Given entries:
------------
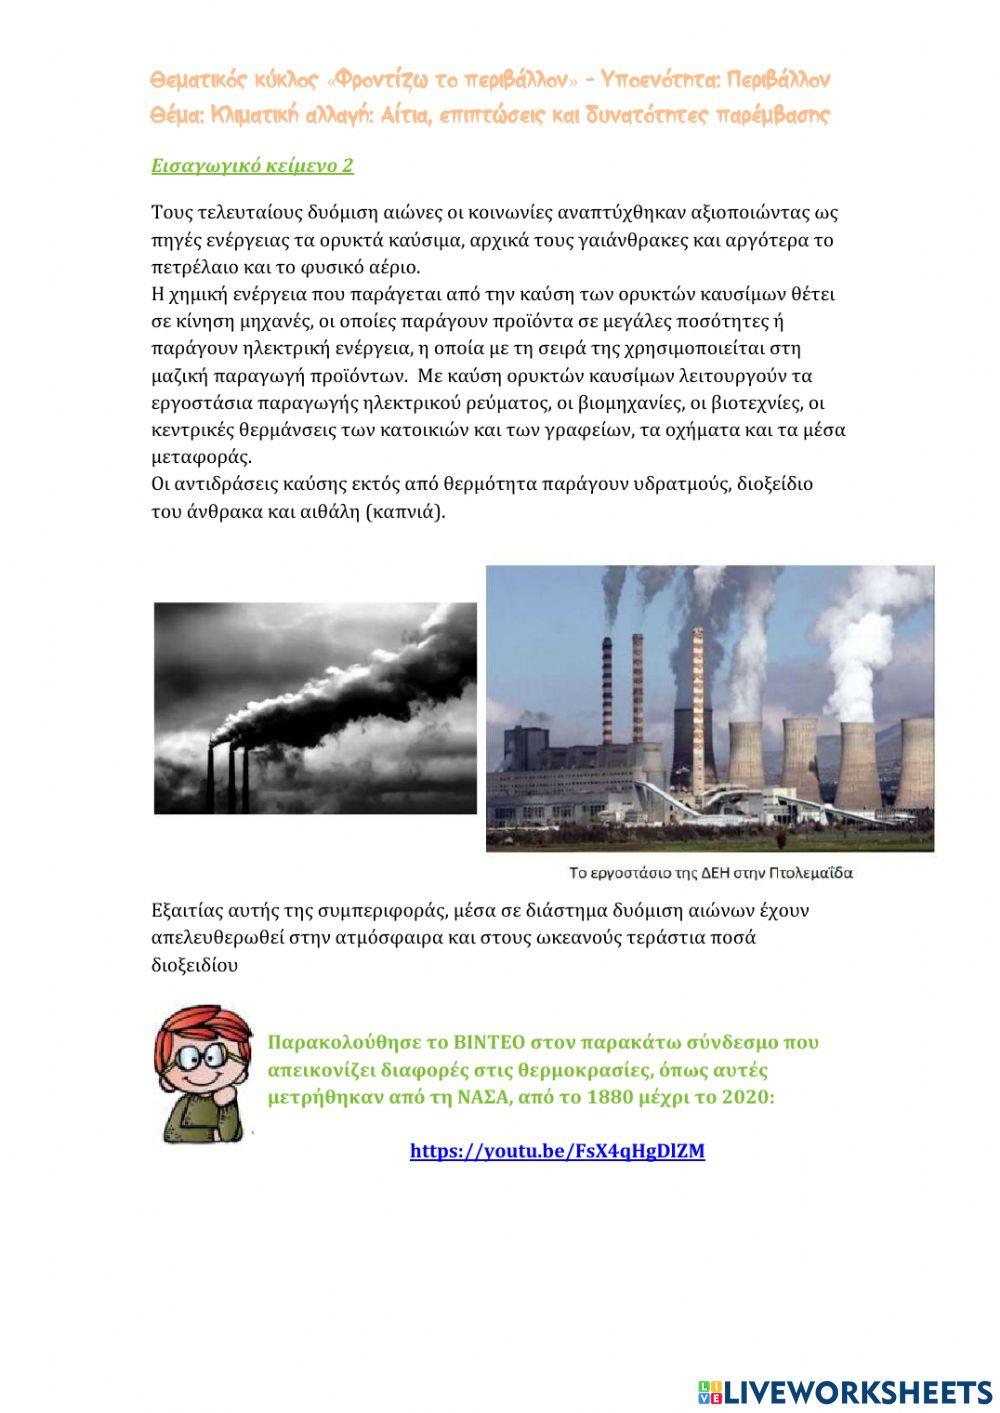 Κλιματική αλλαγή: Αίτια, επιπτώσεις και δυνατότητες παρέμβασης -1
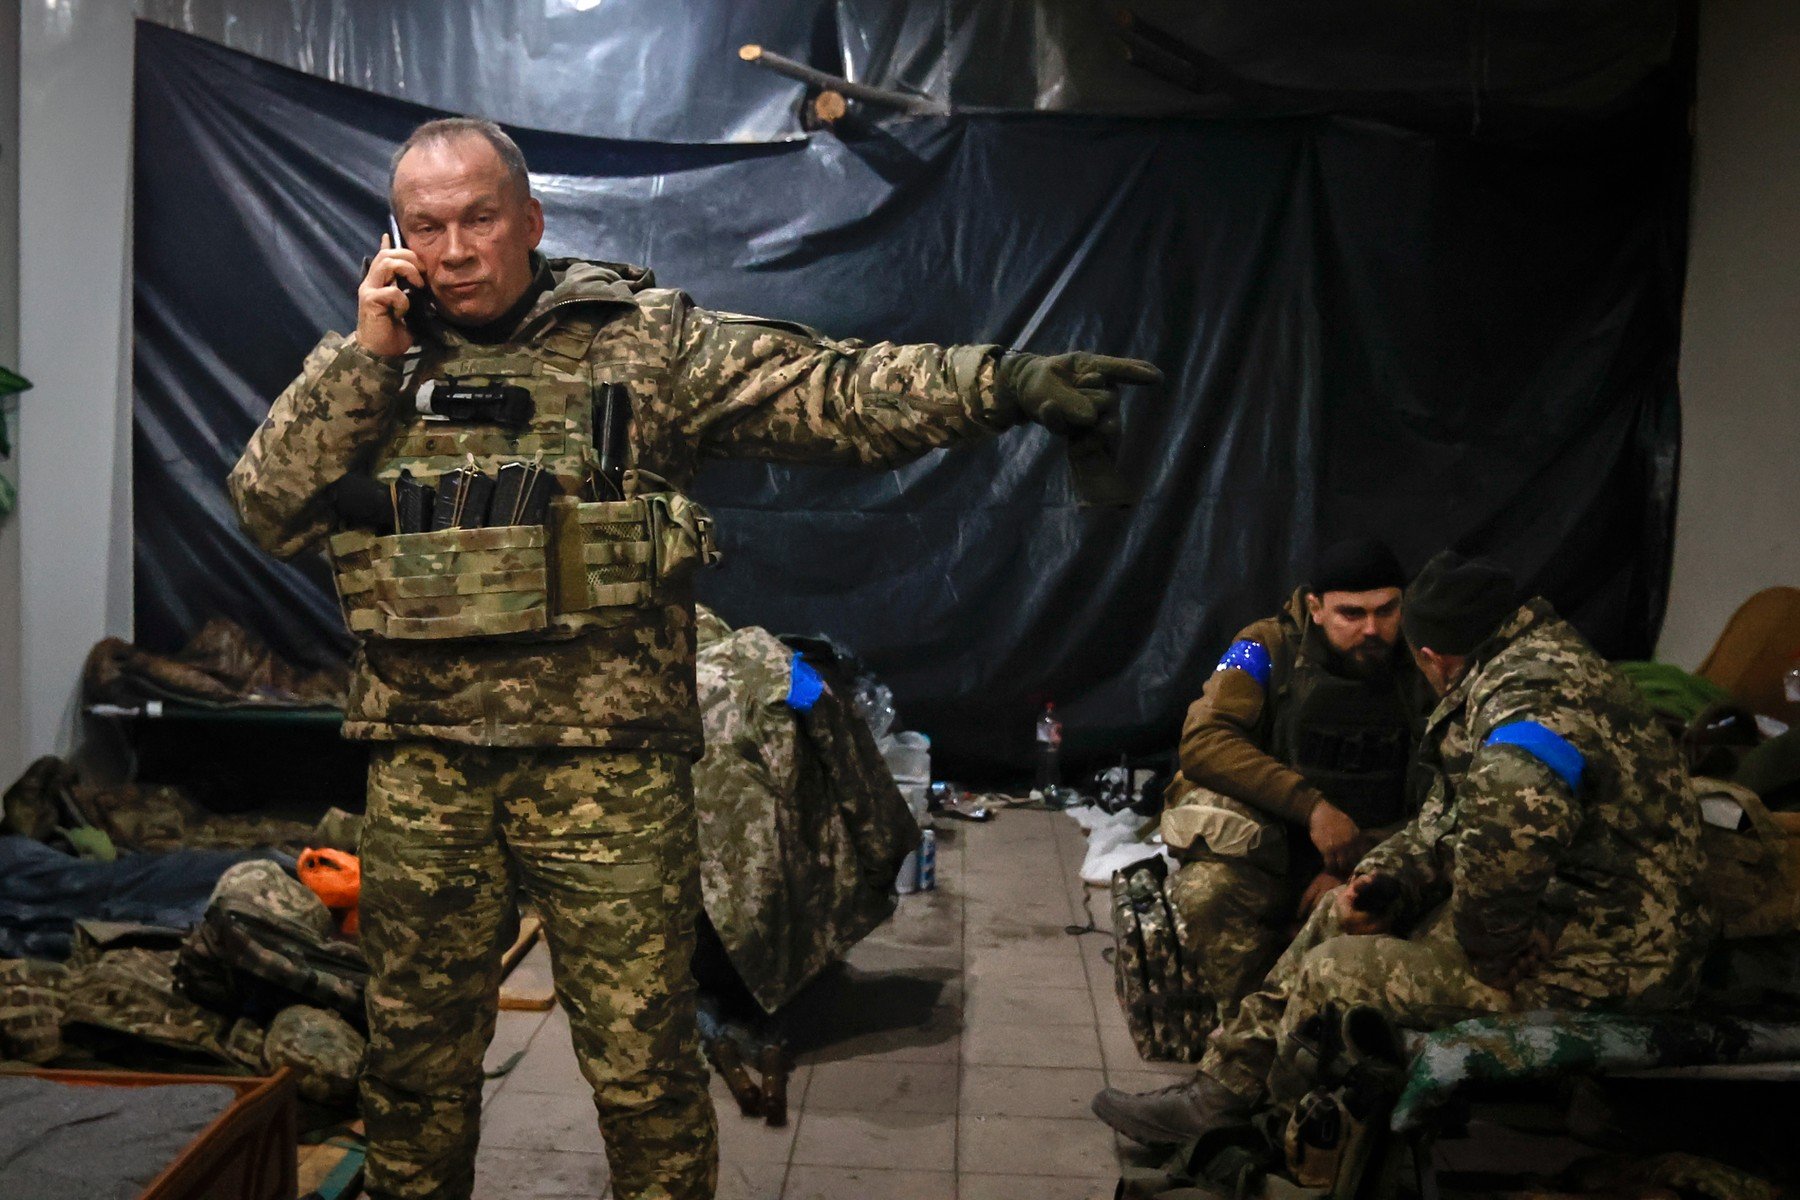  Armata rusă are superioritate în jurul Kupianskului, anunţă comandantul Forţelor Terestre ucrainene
------------
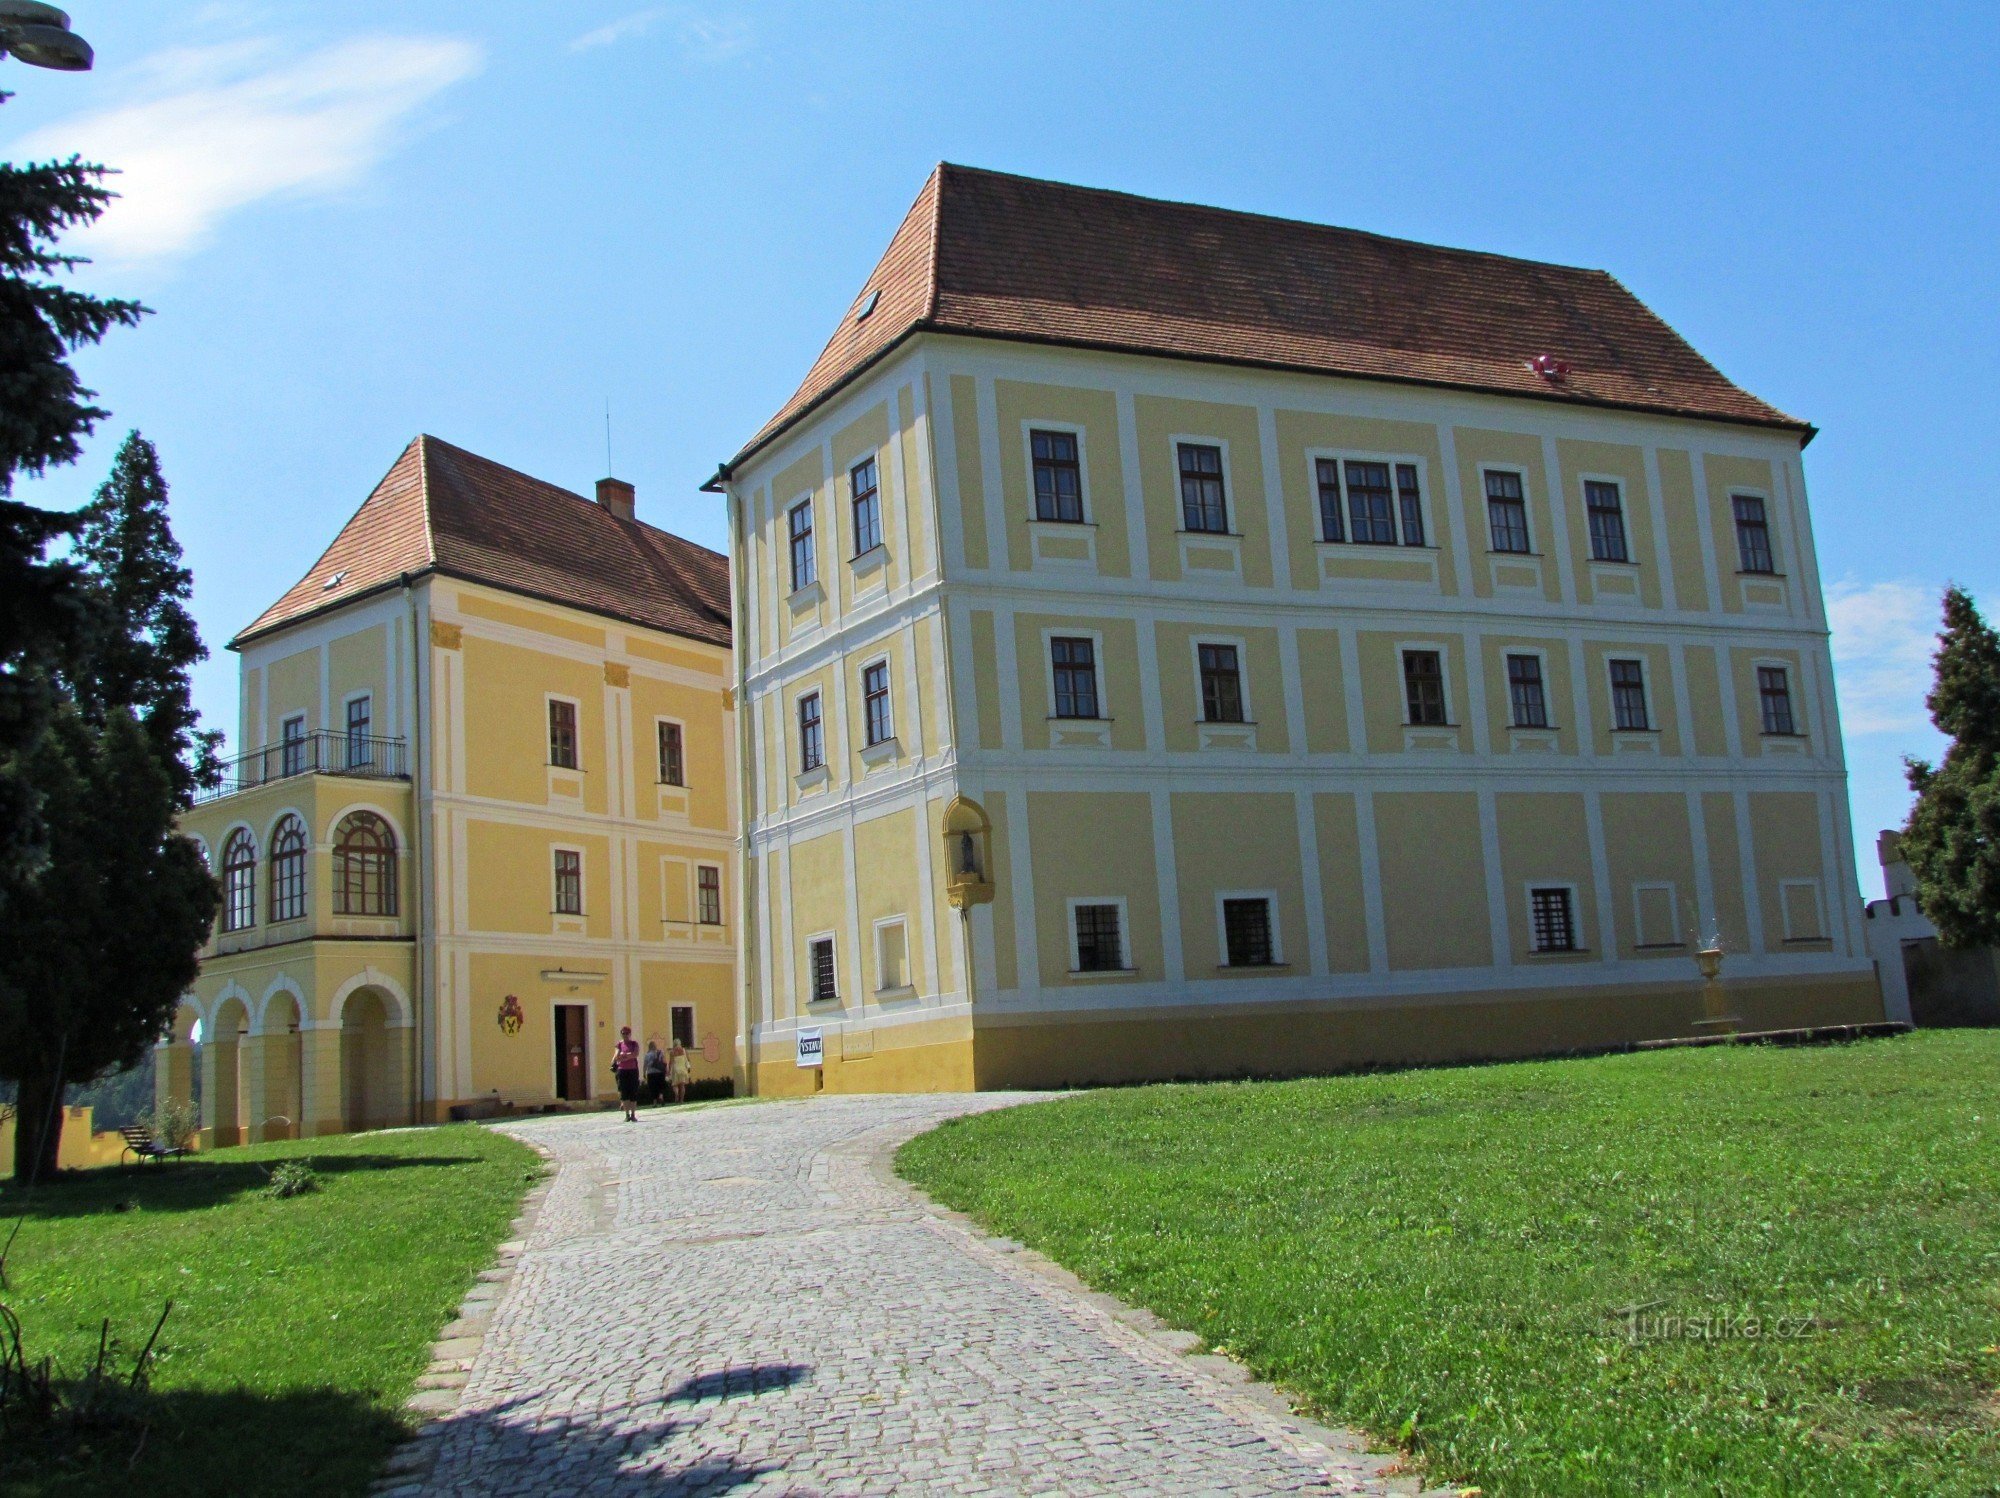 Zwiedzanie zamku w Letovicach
------------
What the exercise asks: Starting with the line above that holds "Κλιματική αλλαγή: Αίτια, επιπτώσεις", restate each line word for word up to and including the line that holds "Armata rusă are". Drop the pictures.

Solution:
 Κλιματική αλλαγή: Αίτια, επιπτώσεις και δυνατότητες παρέμβασης -1
  Armata rusă are superioritate în jurul Kupianskului, anunţă comandantul Forţelor Terestre ucrainene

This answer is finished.